1. Displacement machine for compressible media with arranged in a fixed housing ( 7 a, 7 b) spiral-shaped conveying spaces ( 11 , 11 '), and with a displacer associated with the Förderräu men ( 1 - 4 ), consisting essentially of a disc with on both sides perpendicular quite arranged spiral strips, one of which is provided opposite to a first eccentric arrangement (23, 24) having spaced second eccentric arrangement (26, 27) to guide the displacement body relative to the housing, which is mounted in the housing guide shaft (27) with the Main shaft ( 24 ) of the first eccentric arrangement is positively connected, and wherein the main shaft is driven by a pulley ( 19 ), characterized in that

• - That between the main shaft ( 24 ) and one with the pulley ( 19 ) provided input shaft ( 21 ) a magnetic coupling ( 30 ) is arranged, for which a magnetic coil ( 31 ) is fixed in a housing cover ( 7 c) angeord net, an anchor ring ( 32 ) is connected in a rotationally fixed manner to the main shaft ( 24 ) via a driving plate ( 47 ) and an armature plate ( 33 ) is connected in a rotationally fixed manner on the input shaft ( 21 ),
• - And that on the input shaft ( 21 ) a fan ( 45 ) is fixed, the active part between a magnetic coil ( 31 ) receiving iron core ring ( 35 b) and the bearing ( 29 ) of the input shaft ( 21 ).
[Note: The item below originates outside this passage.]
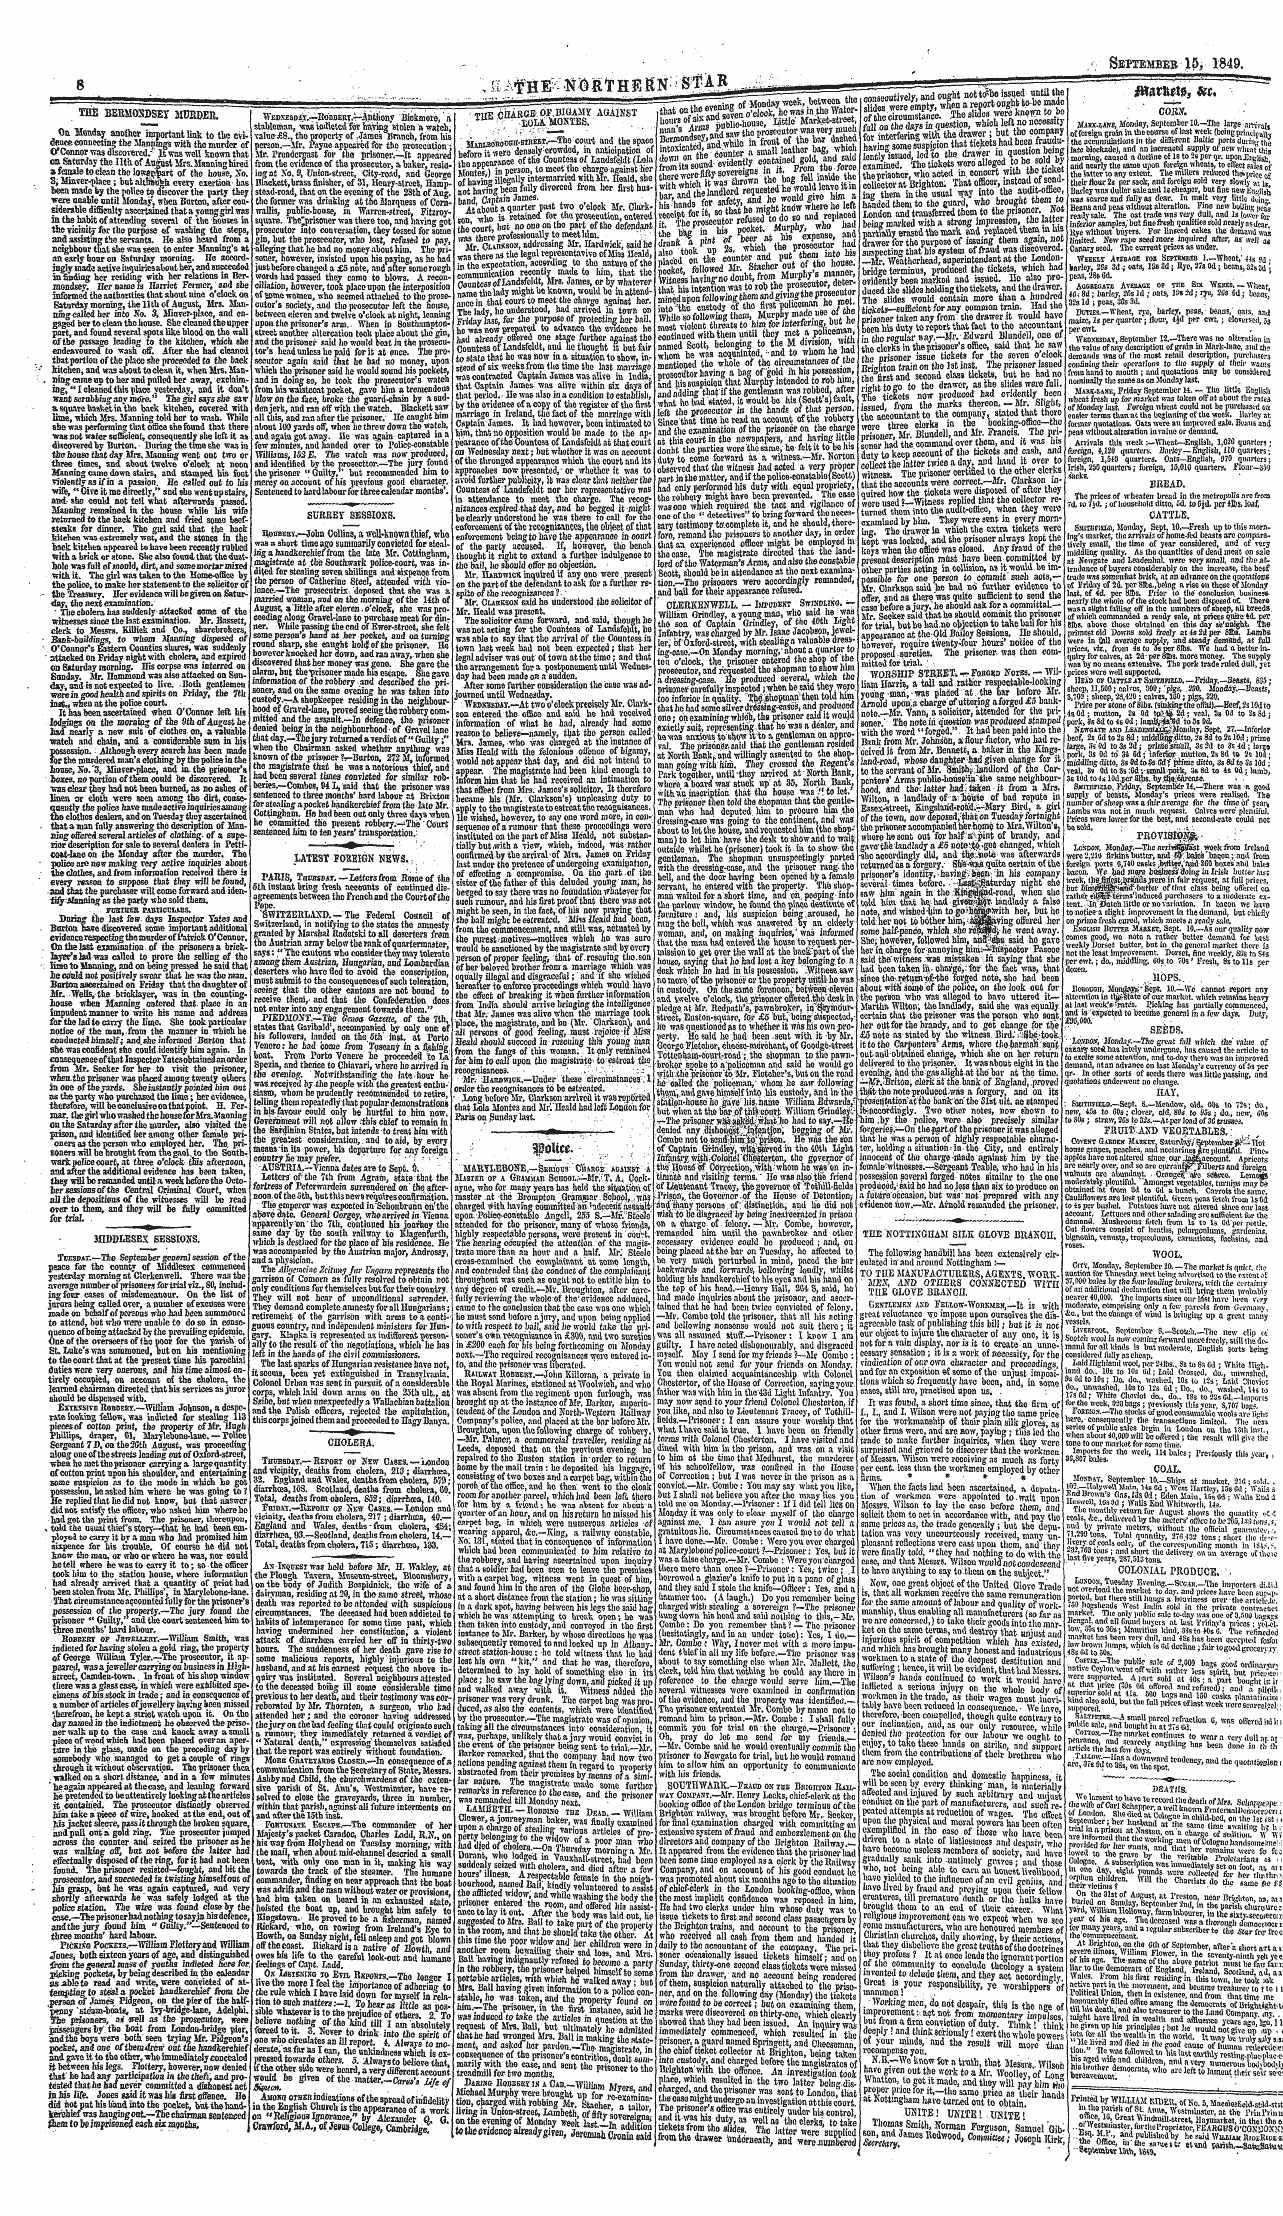 Northern Star (1837-1852): jS F Y, 3rd edition - ^ Ffiavm$ 3 &T

2. Displacement machine according to claim 1, characterized in that the fan ( 45 ) is provided on the bearing side with a closed cover plate ( 51 ). 3. Displacement machine according to claim 1, characterized in that the armature disk ( 33 ) via spokes ( 34 ) is connected to the input shaft ( 21 ). 4. displacement machine according to claim 3, characterized in that the armature disc ( 33 ) on the radially inner, axially extending part ( 35 c) of the iron core ring with the spokes ( 34 ) is attached. 5. Displacement machine according to claim 1, characterized in that the magnetic coil ( 31 ) in a bell ( 7 d) of the housing cover ( 7 c) is housed, the coil receiving iron core ring ( 35 a) with its outer diameter the housing cover ( 7 c) with the bearing of the input shaft ( 21 ) and the drive-side housing ( 7 b) with the bearing of the main shaft ( 24 ) centered against each other.